ยป Keras API reference / Layers API / Attention layers / MultiHeadAttention layer

MultiHeadAttention layer

MultiHeadAttention class

tf.keras.layers.MultiHeadAttention(
    num_heads,
    key_dim,
    value_dim=None,
    dropout=0.0,
    use_bias=True,
    output_shape=None,
    attention_axes=None,
    kernel_initializer="glorot_uniform",
    bias_initializer="zeros",
    kernel_regularizer=None,
    bias_regularizer=None,
    activity_regularizer=None,
    kernel_constraint=None,
    bias_constraint=None,
    **kwargs
)

MultiHeadAttention layer.

This is an implementation of multi-headed attention based on "Attention is all you Need". If query, key, value are the same, then this is self-attention. Each timestep in query attends to the corresponding sequence in key, and returns a fixed-width vector.

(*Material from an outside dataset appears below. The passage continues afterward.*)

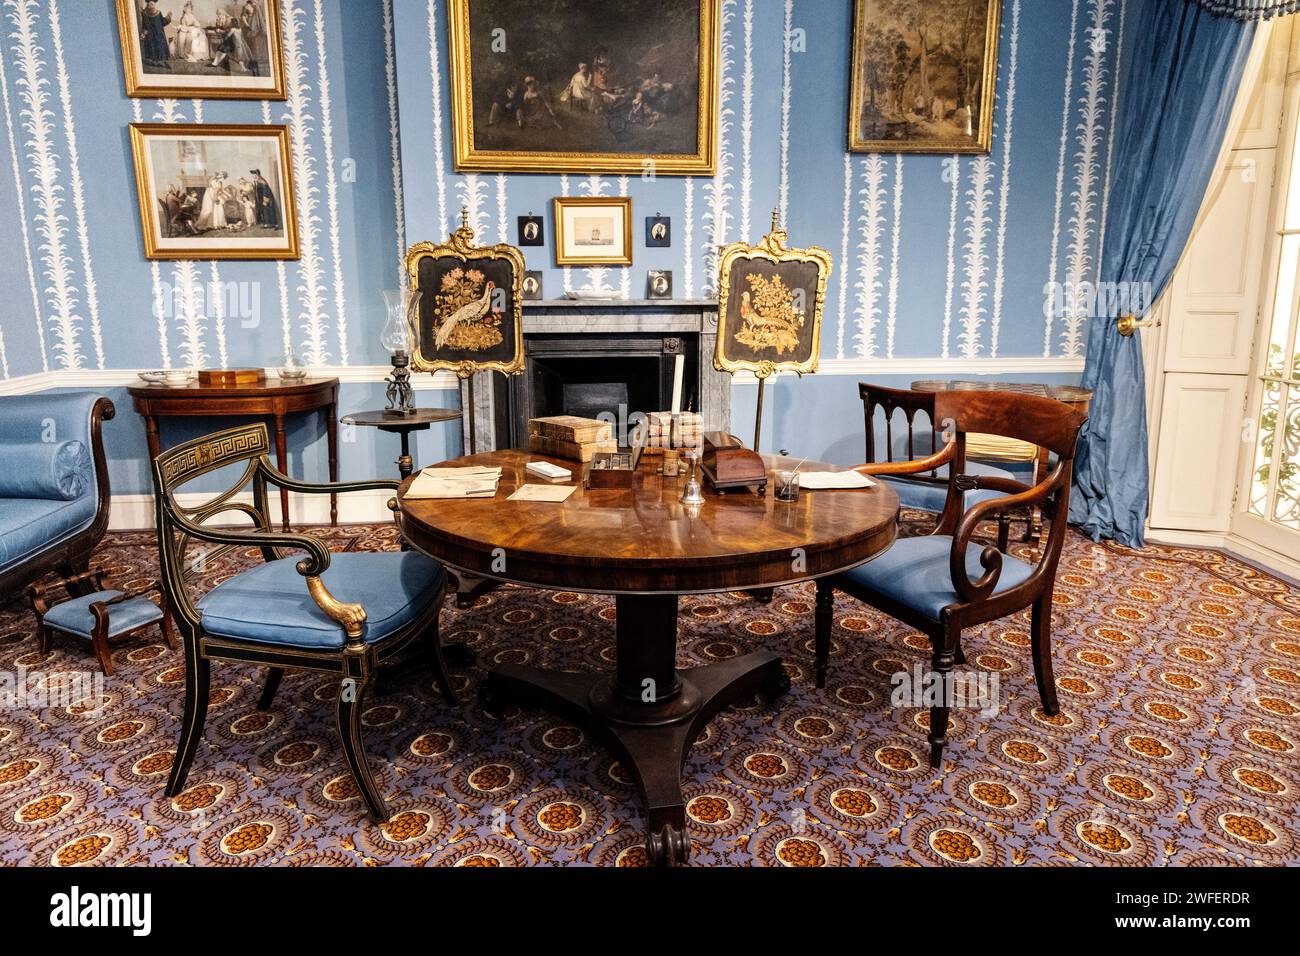 An 1830s drawing room with round table and armchairs Stock Photo

This layer first projects query, key and value. These are (effectively) a list of tensors of length num_attention_heads, where the corresponding shapes are [batch_size, , key_dim], [batch_size, , key_dim], [batch_size, , value_dim].

Then, the query and key tensors are dot-producted and scaled. These are softmaxed to obtain attention probabilities. The value tensors are then interpolated by these probabilities, then concatenated back to a single tensor.

Finally, the result tensor with the last dimension as value_dim can take an linear projection and return.

Examples

Performs 1D cross-attention over two sequence inputs with an attention mask. Returns the additional attention weights over heads.

>>> layer = MultiHeadAttention(num_heads=2, key_dim=2)
>>> target = tf.keras.Input(shape=[8, 16])
>>> source = tf.keras.Input(shape=[4, 16])
>>> output_tensor, weights = layer(target, source,
...                                return_attention_scores=True)
>>> print(output_tensor.shape)
(None, 8, 16)
>>> print(weights.shape)
(None, 2, 8, 4)

Performs 2D self-attention over a 5D input tensor on axes 2 and 3.

>>> layer = MultiHeadAttention(num_heads=2, key_dim=2, attention_axes=(2, 3))
>>> input_tensor = tf.keras.Input(shape=[5, 3, 4, 16])
>>> output_tensor = layer(input_tensor, input_tensor)
>>> print(output_tensor.shape)
(None, 5, 3, 4, 16)

Arguments

  • num_heads: Number of attention heads.
  • key_dim: Size of each attention head for query and key.
  • value_dim: Size of each attention head for value.
  • dropout: Dropout probability.
  • use_bias: Boolean, whether the dense layers use bias vectors/matrices.
  • output_shape: The expected shape of an output tensor, besides the batch and sequence dims. If not specified, projects back to the key feature dim.
  • attention_axes: axes over which the attention is applied. None means attention over all axes, but batch, heads, and features.
  • kernel_initializer: Initializer for dense layer kernels.
  • bias_initializer: Initializer for dense layer biases.
  • kernel_regularizer: Regularizer for dense layer kernels.
  • bias_regularizer: Regularizer for dense layer biases.
  • activity_regularizer: Regularizer for dense layer activity.
  • kernel_constraint: Constraint for dense layer kernels.
  • bias_constraint: Constraint for dense layer kernels.

Call arguments

  • query: Query Tensor of shape [B, T, dim].
  • value: Value Tensor of shape [B, S, dim].
  • key: Optional key Tensor of shape [B, S, dim]. If not given, will use value for both key and value, which is the most common case.
  • attention_mask: a boolean mask of shape [B, T, S], that prevents attention to certain positions. The boolean mask specifies which query elements can attend to which key elements, 1 indicates attention and 0 indicates no attention. Broadcasting can happen for the missing batch dimensions and the head dimension.
  • return_attention_scores: A boolean to indicate whether the output should be attention output if True, or (attention_output, attention_scores) if False. Defaults to False.
  • training: Python boolean indicating whether the layer should behave in training mode (adding dropout) or in inference mode (no dropout). Defaults to either using the training mode of the parent layer/model, or False (inference) if there is no parent layer.

Returns

  • attention_output: The result of the computation, of shape [B, T, E], where T is for target sequence shapes and E is the query input last dimension if output_shape is None. Otherwise, the multi-head outputs are project to the shape specified by output_shape.
  • attention_scores: [Optional] multi-head attention coeffients over attention axes.